Make Binary Tree From Linked List

Problem Statement - link #

Given a Linked List Representation of Complete Binary Tree. The task is to construct the Binary tree. Note : The complete binary tree is represented as a linked list in a way where if root node is stored at position i, its left, and right children are stored at position 2*i+1, 2*i+2 respectively.

Your Task: The task is to complete the function convert() which takes head of linked list and root of the tree as the reference. The driver code prints the level order.

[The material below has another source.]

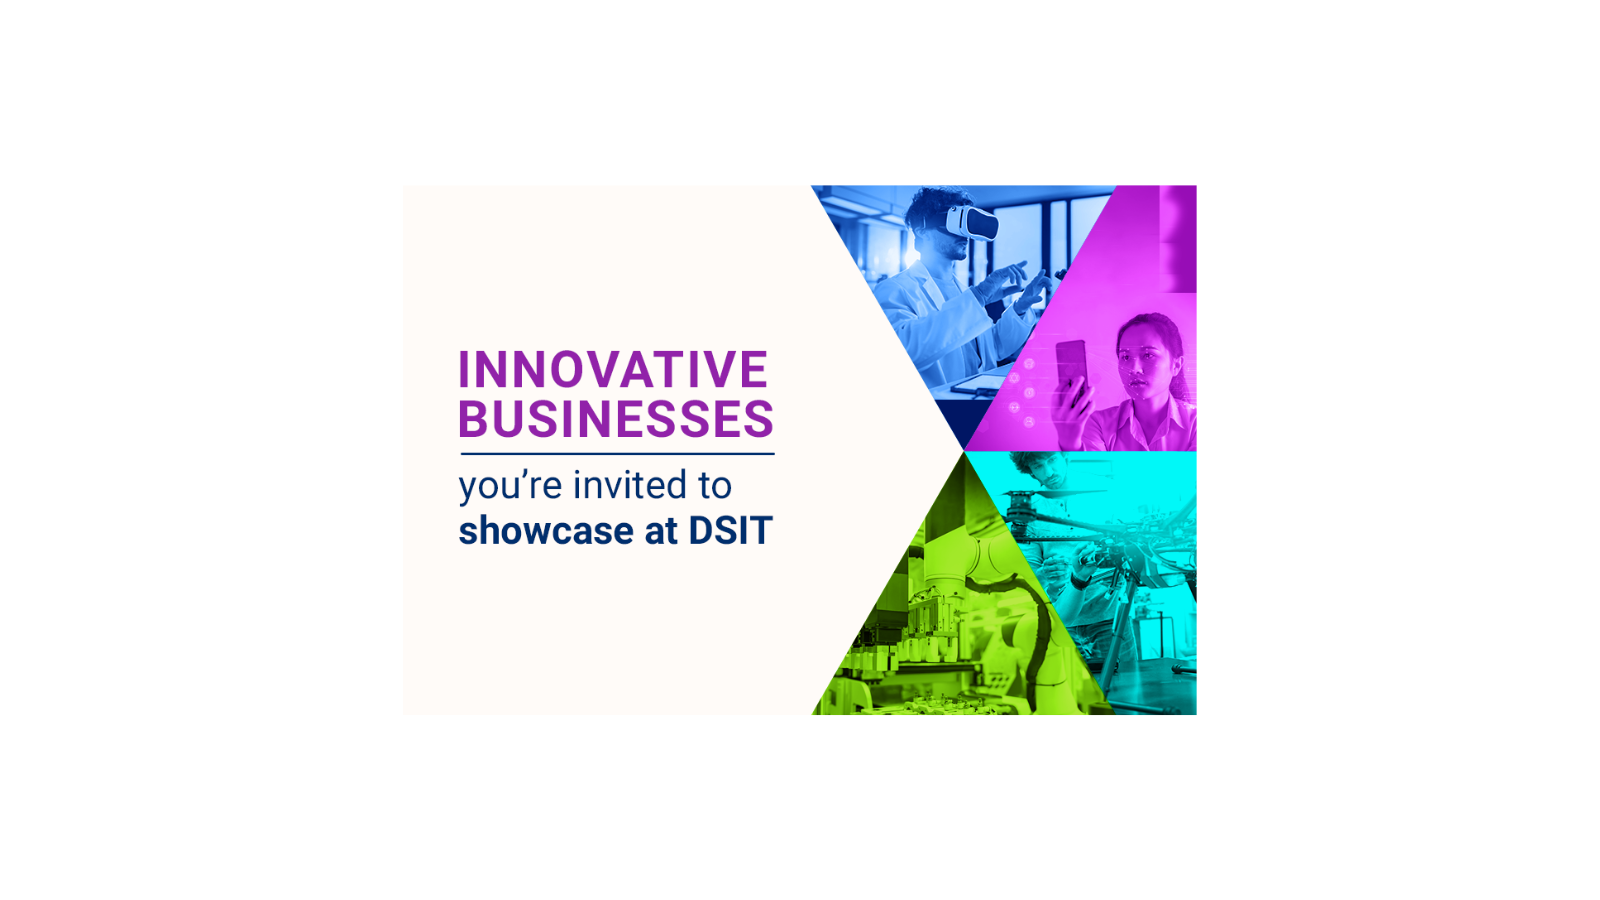 DSIT to showcase innovative businesses

Expected Time Complexity: O(N) Expected Auxiliary Space: O(N)

Examples #

Example 1:

Input:
N = 5
K = 1->2->3->4->5
Output: 1 2 3 4 5
Explanation: The tree would look like
      1
    /   \
   2     3
 /  \
4   5
Now, the level order traversal of
the above tree is 1 2 3 4 5.

Example 2:

Input:
N = 5
K = 5->4->3->2->1
Output: 5 4 3 2 1
Explanation: The tree would look like
     5
   /  \
  4    3
 / \
2    1
Now, the level order traversal of
the above tree is 5 4 3 2 1..

Constraints #

• 1 <= Number of nodes <= 10^5
• 0 <= Data of a node <= 10^5

Solutions #

//Function to make binary tree from linked list.
TreeNode *bt(vector<int> &v, int i){
    if(i>=v.size()) return NULL;
    TreeNode* root = new TreeNode(v[i]);
    root->left = bt(v,2*i+1);
    root->right = bt(v,2*i+2);
    return root;
}
void convert(Node *head, TreeNode *&root) {
    // Your code here
    vector<int> v;
    Node* temp = head;
    while(temp) { v.push_back(temp->data); temp=temp->next; }
    root = bt(v,0);
}